## Exercise brief
From the line that contains "Ventanas Para Tejado" down to the last line of the listing below, reproduce each line exactly but not the pictures.

## Dataset extract
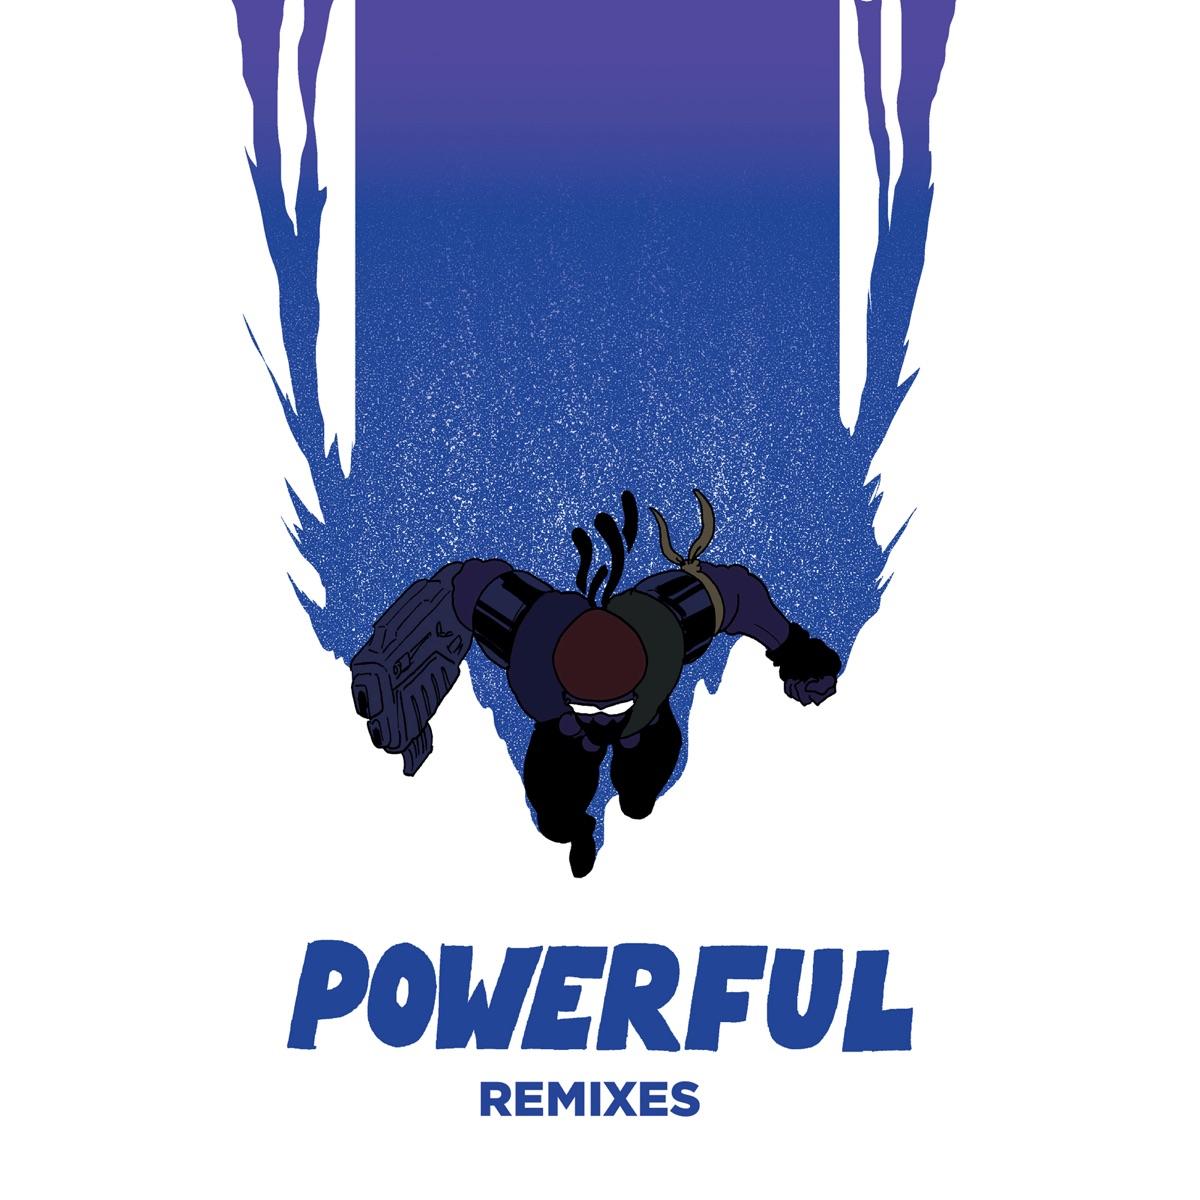 Powerful feat Ellie Goulding  Tarrus Riley Remixes - EP Major Lazer CD cover
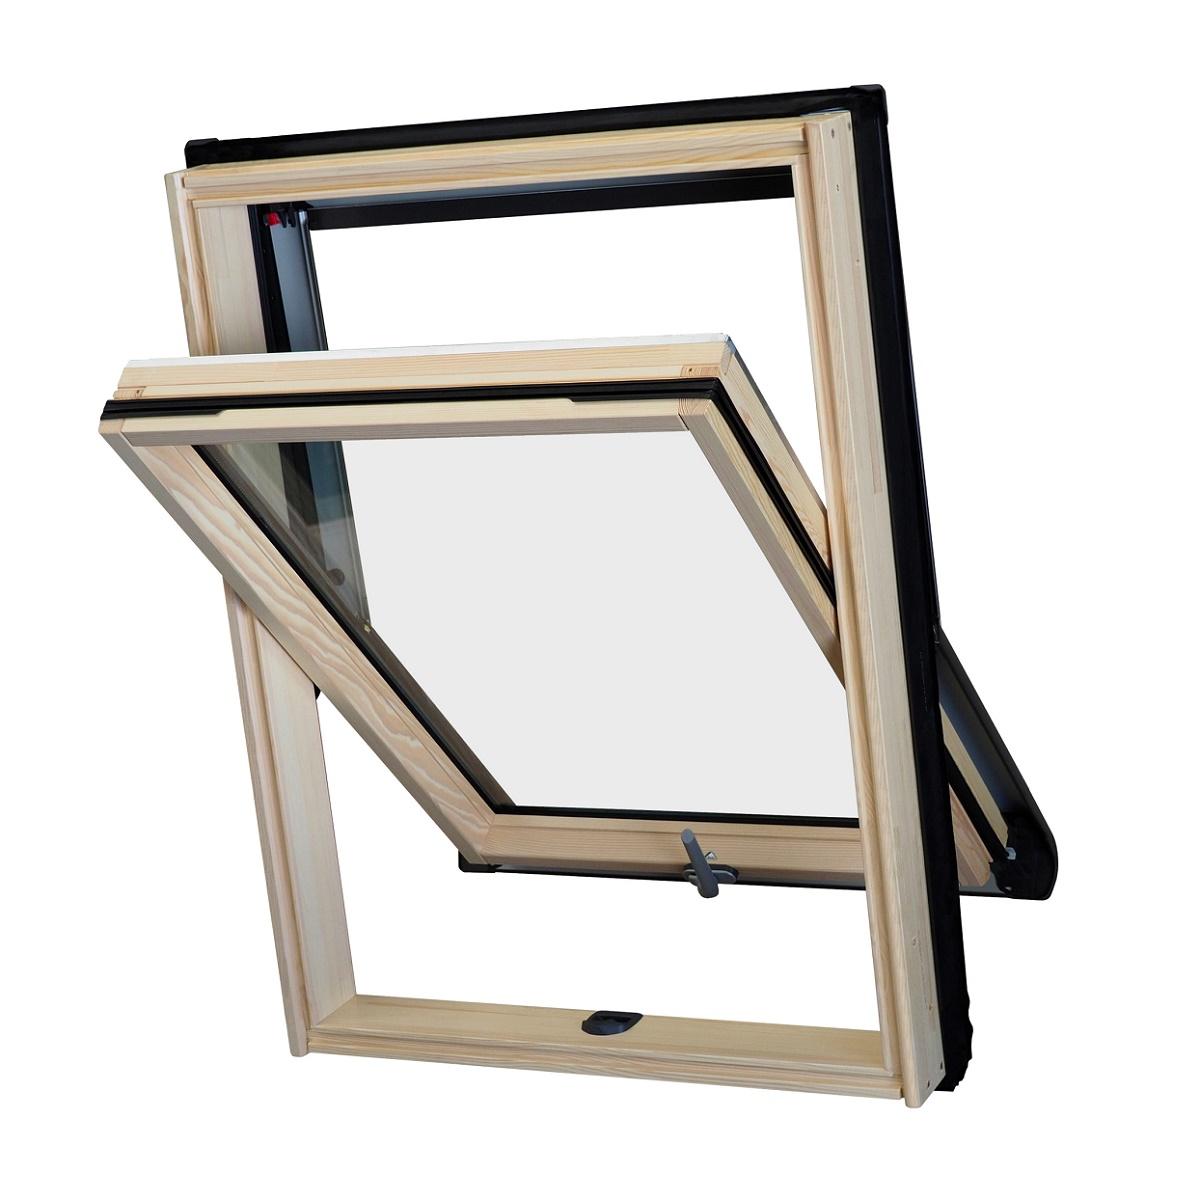 Ventanas Para Tejado Roto Designo R45 Carpinteria Aluminio ~ Cortinas Para Ventanas De Tejado
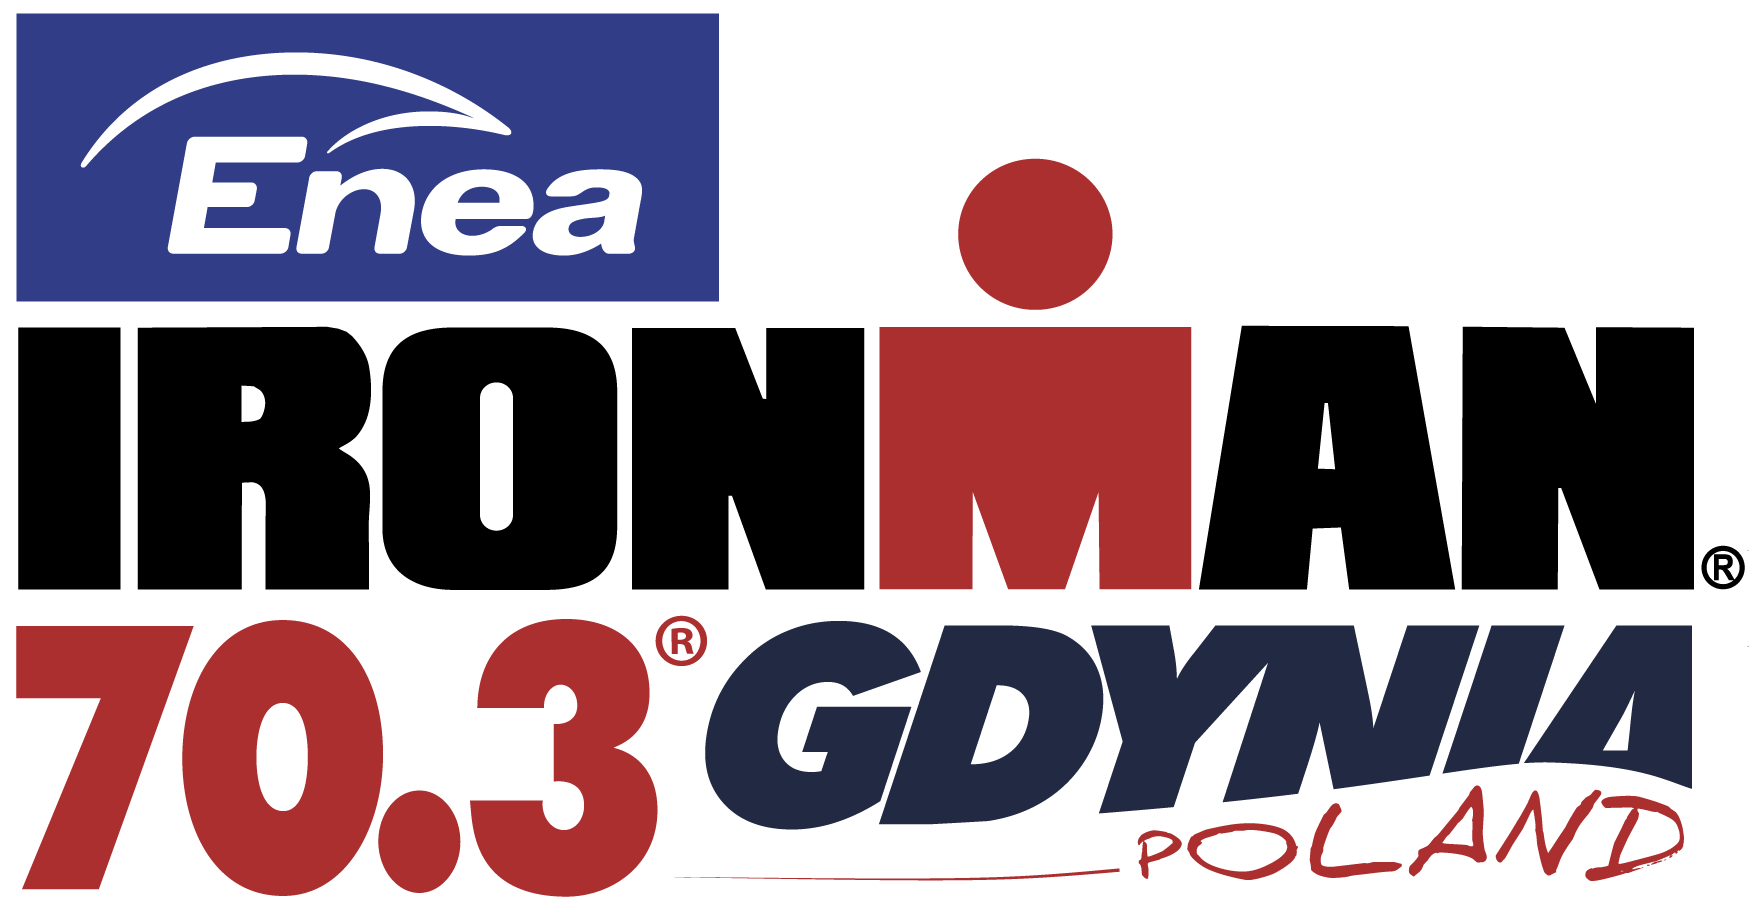 IRONMAN 70.3 Gdynia Logo

## Completed exercise
 Ventanas Para Tejado Roto Designo R45 Carpinteria Aluminio ~ Cortinas Para Ventanas De Tejado
 IRONMAN 70.3 Gdynia Logo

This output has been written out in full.